I have seen mites on occasion in my frog tanks, but the frogs tend to make quick work of the invaders. For the most part, if I can see a bug, my frogs will eat that bug, haha. As long as the number of mites is minimal and they are not swarming, I'd say it is not a big deal and the addition of frogs will likely end the infestation. With that in mind, keep a close eye on the frogs once you do add them to the tank just to make sure the mites aren't "bugging" them, haha.


----------



## senegal927 (Sep 24, 2014)

Keep us up to date....i always see mites in my fruit fly cultures.


----------



## Viridovipera (Jun 17, 2008)

If you want to decimate the mites, using predatory mites would be an option.
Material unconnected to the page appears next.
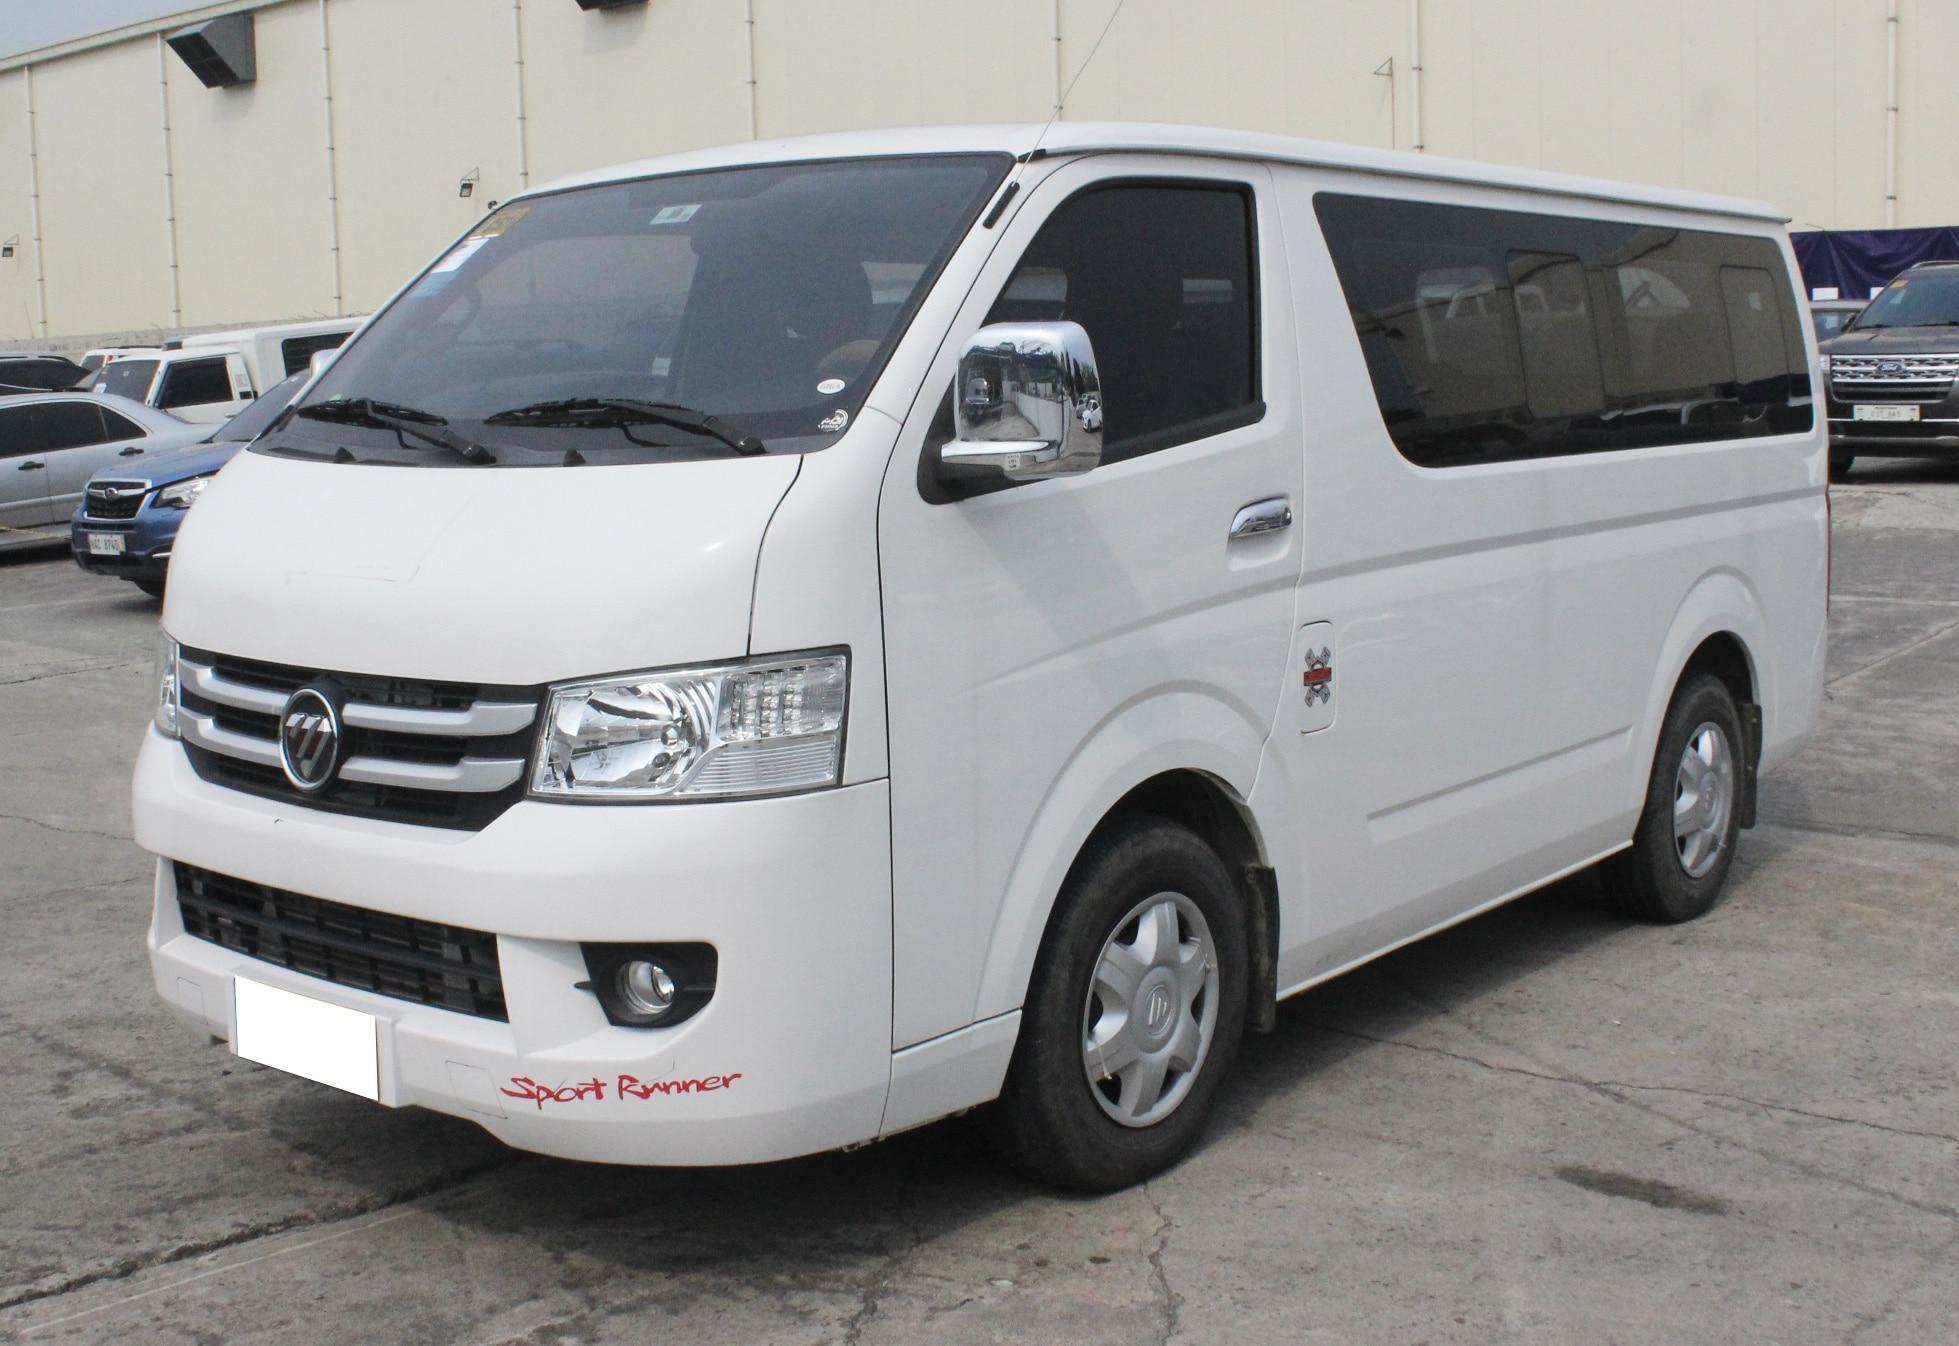 2018 Foton View Transvan
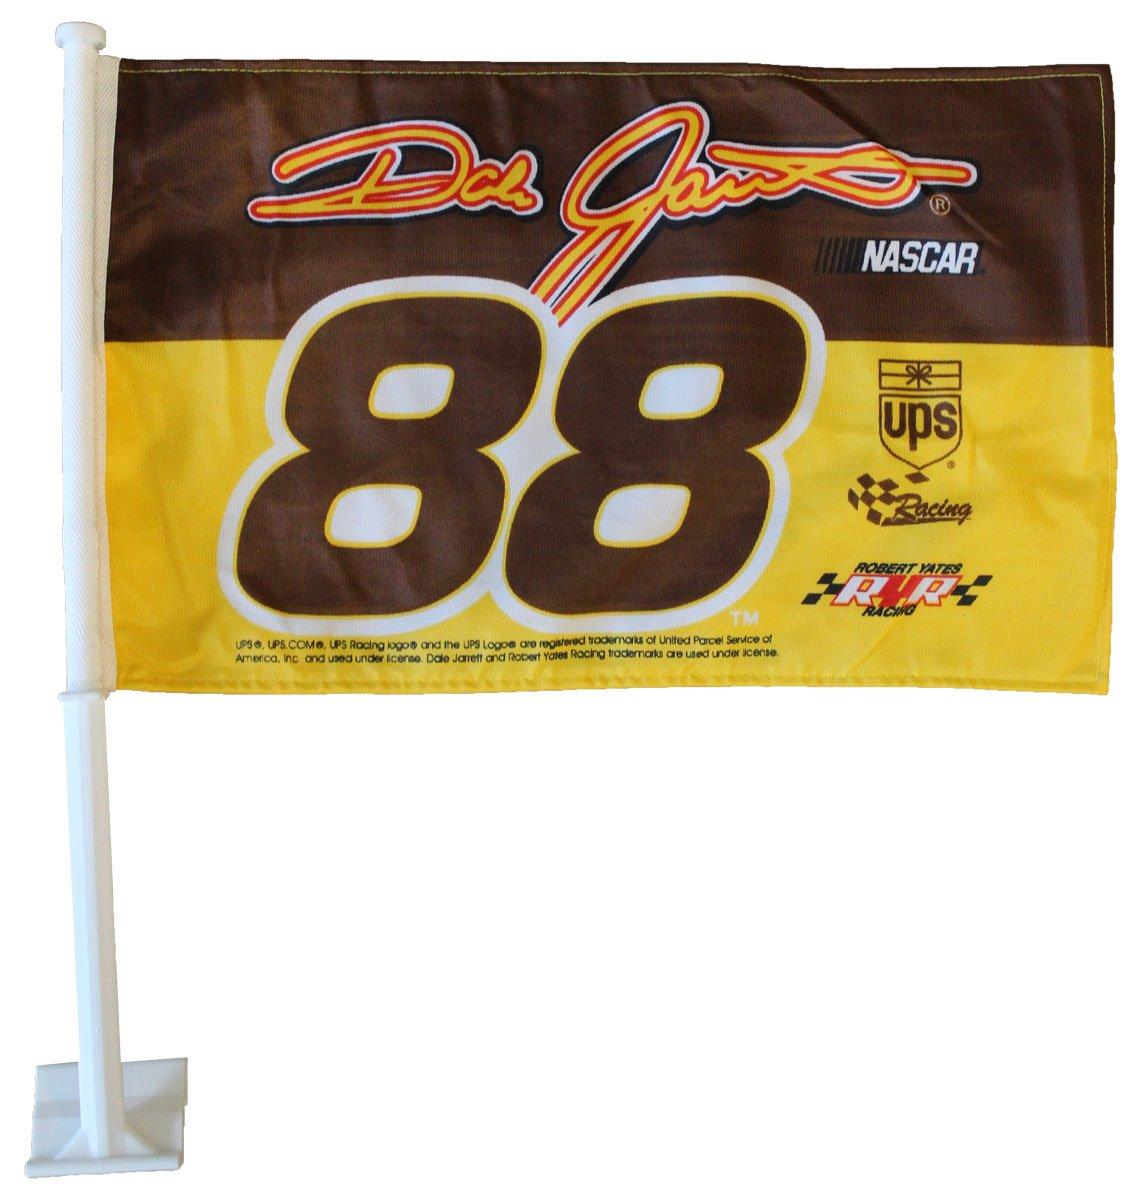 【新作からSALEアイテム等お得な商品満載】 Dale Jarrett Jarrett (ライトブラウン) Dale – B000EOFH1Y NASCAR Car Flag B000EOFH1Y, 八丈町:e1dd476a --- arianechie.dominiotemporario.com

I used it with great success in centipede and tarantula terrariums. They will, however, also eat most spring tails and other small bugs. If there is not an overwhelming amount and the frogs don't seem stressed, I would just leave them as is.


----------



## Aldross (Dec 30, 2013)

There are mites in every viv. They are a unstoppable force of nature. They are on your skin, in your bed, and are the most highly populated creatures on the planet. 
The place you want to keep them in check the most is your fly cultures as they will limit production if their numbers get to high.


----------



## Darrell S (Jan 9, 2011)

sometimes my grow out tank does not have frogs in it and the mites kind of take over. but as soon as I put in new frogglets they eat the mites.


----------



## JPccusa (Mar 10, 2009)

Small frogs eat mites. Larger frogs are unaffected by them. 
Just watch your fruitfly and springtail cultures. Those cannot have mites (or at least not too many of them). 
See here about mite control: http://www.dendroboard.com/forum/food-feeding/166570-diatomaceous-earth-de-mite-control.html


----------



## diggenem (Sep 2, 2011)

senegal927 said:


> Keep us up to date....i always see mites in my fruit fly cultures.


If you want to keep mites out of cultures, keep your cultures on a bed of diatomaceous earth also known as 'DE'. I have yet to see a mite in my cultures since switching to it.


----------



## senegal927 (Sep 24, 2014)

Awesome! Ill try that. ... thank you


----------